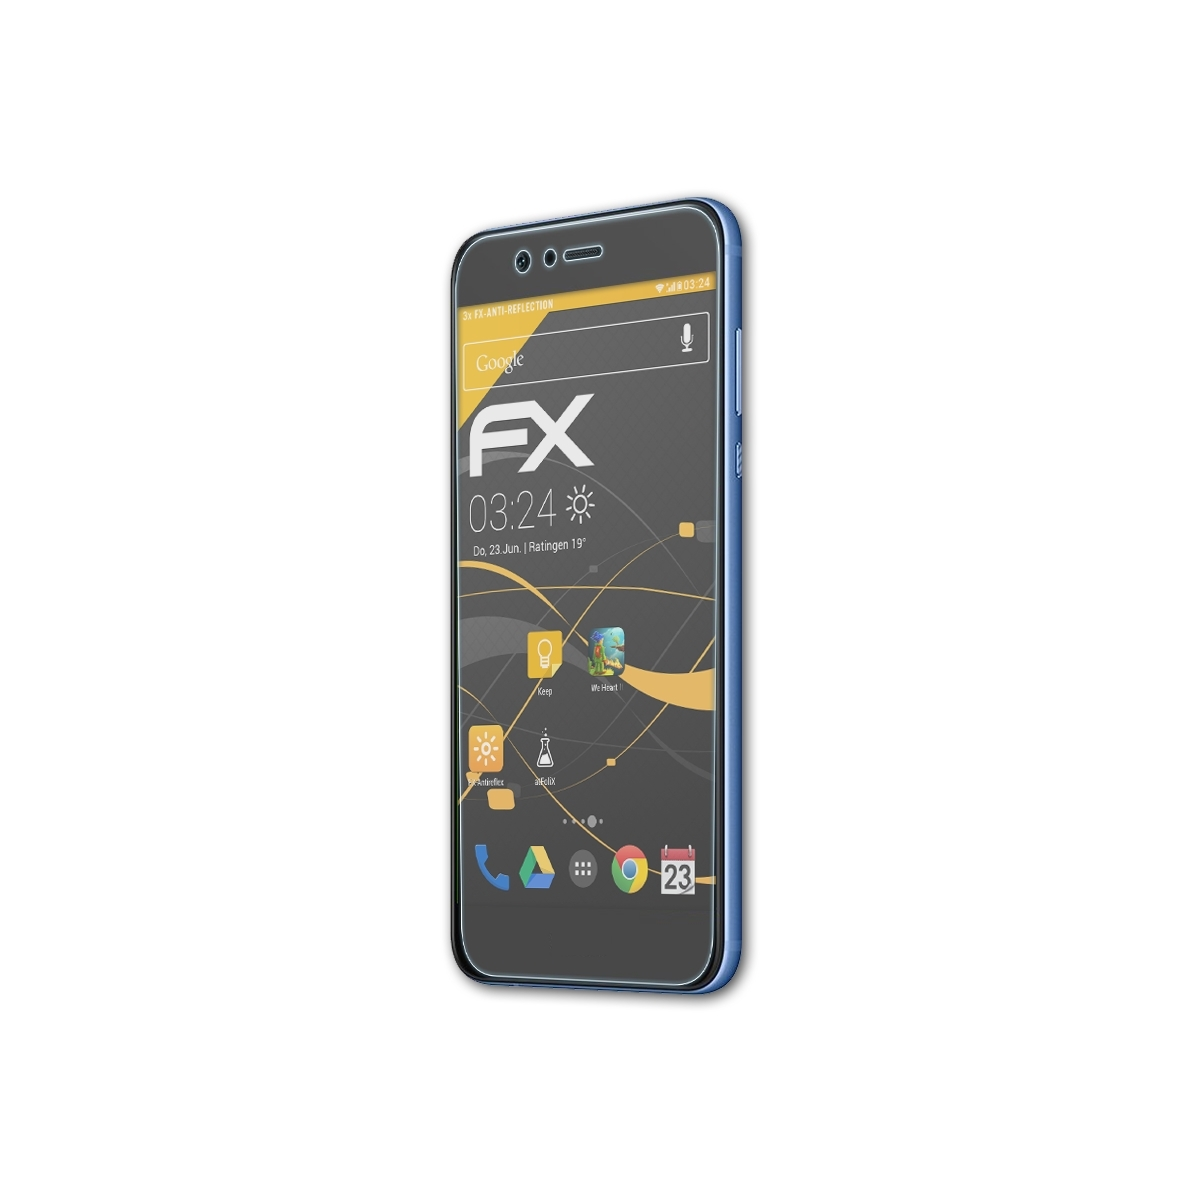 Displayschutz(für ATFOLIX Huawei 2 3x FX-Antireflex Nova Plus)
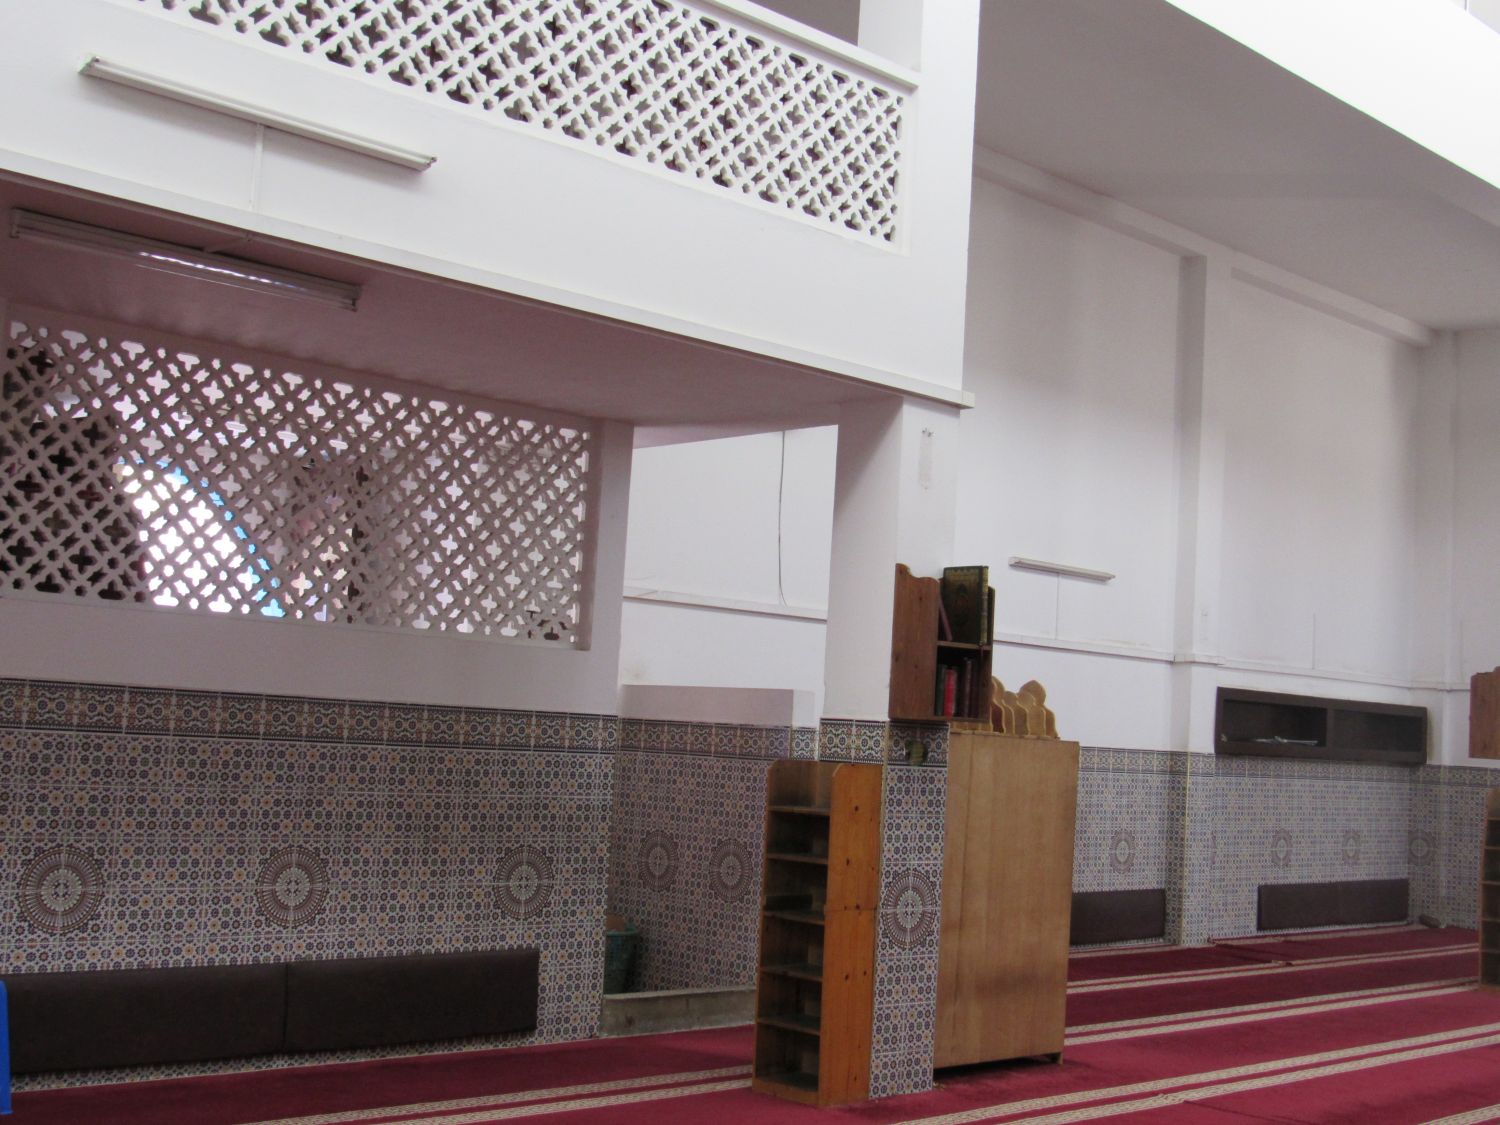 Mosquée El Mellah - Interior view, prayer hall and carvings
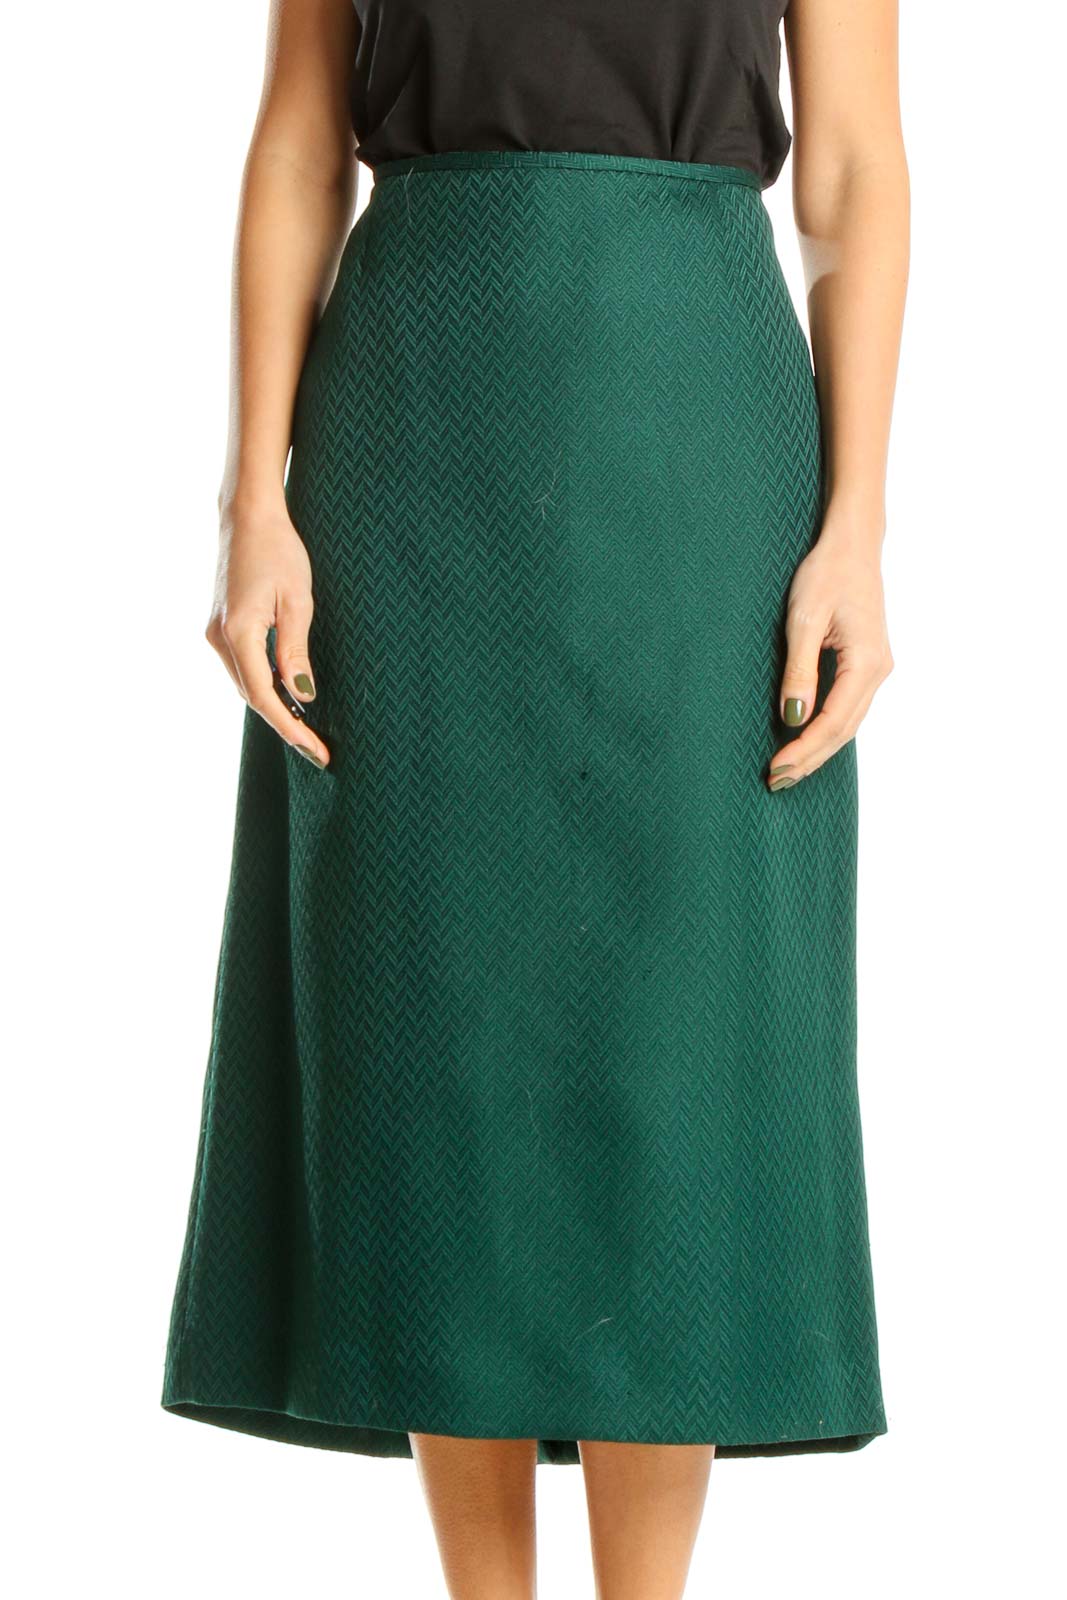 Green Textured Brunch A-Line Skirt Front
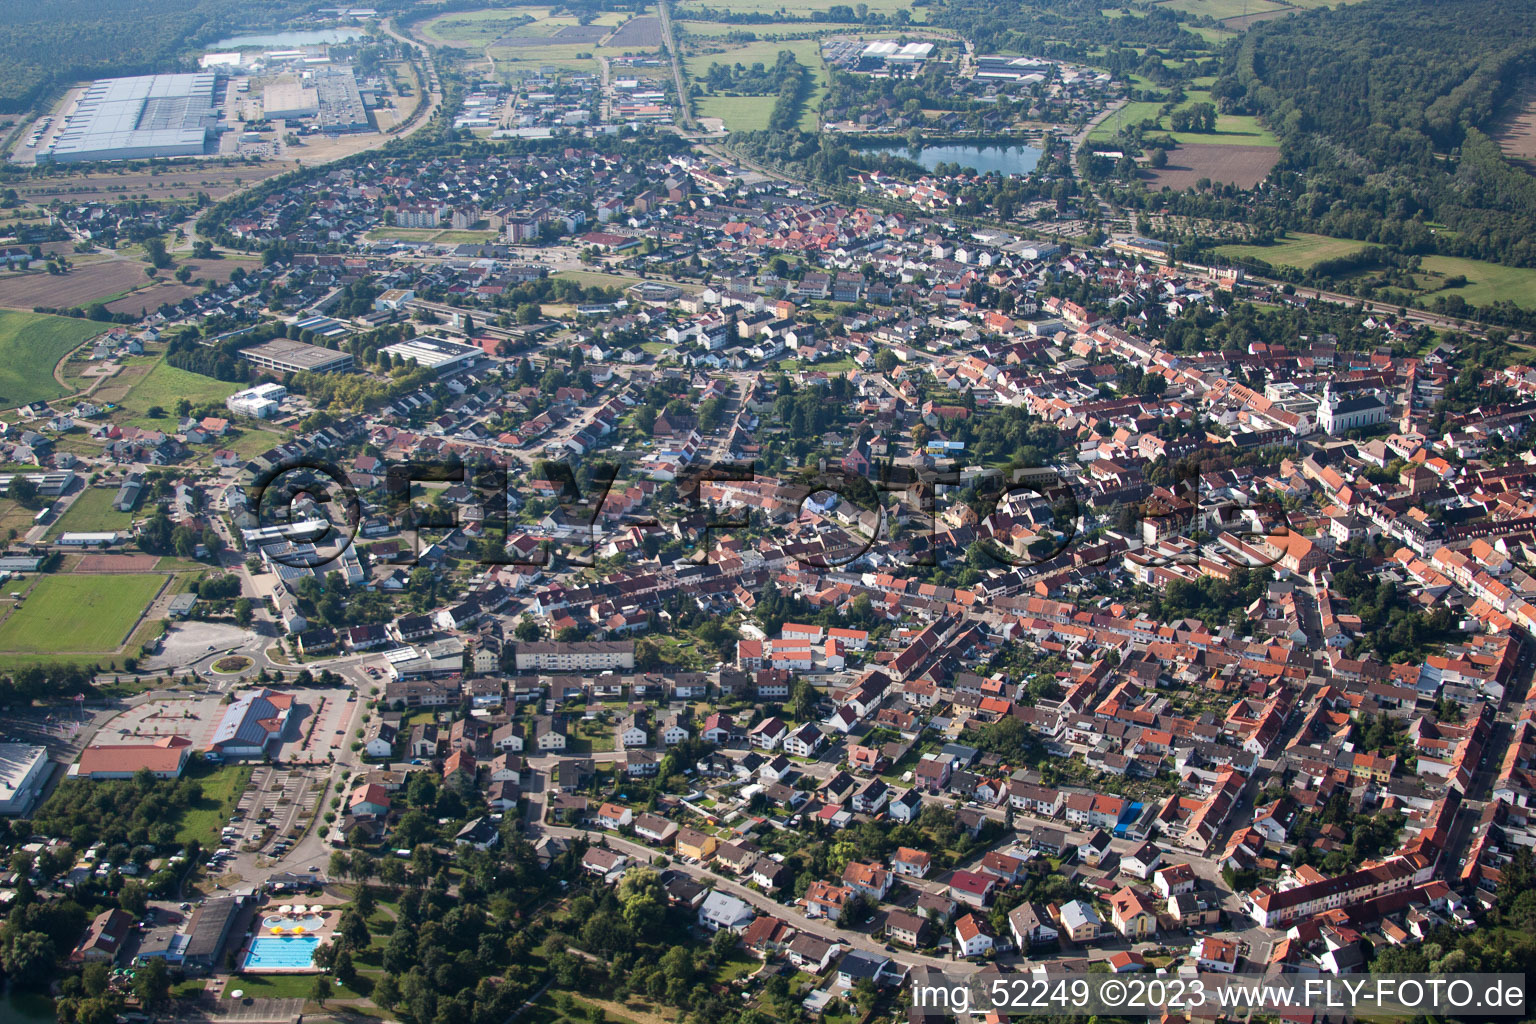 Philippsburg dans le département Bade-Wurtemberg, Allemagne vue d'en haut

- YOUR INSTRUCTIONS -
Would you reproduce the lines above exactly, without carrying over the pictures?

- ANSWER SECTION -
 Displayschutz(für ATFOLIX Huawei 2 3x FX-Antireflex Nova Plus)
 Mosquée El Mellah - Interior view, prayer hall and carvings
 Green Textured Brunch A-Line Skirt Front
 Philippsburg dans le département Bade-Wurtemberg, Allemagne vue d'en haut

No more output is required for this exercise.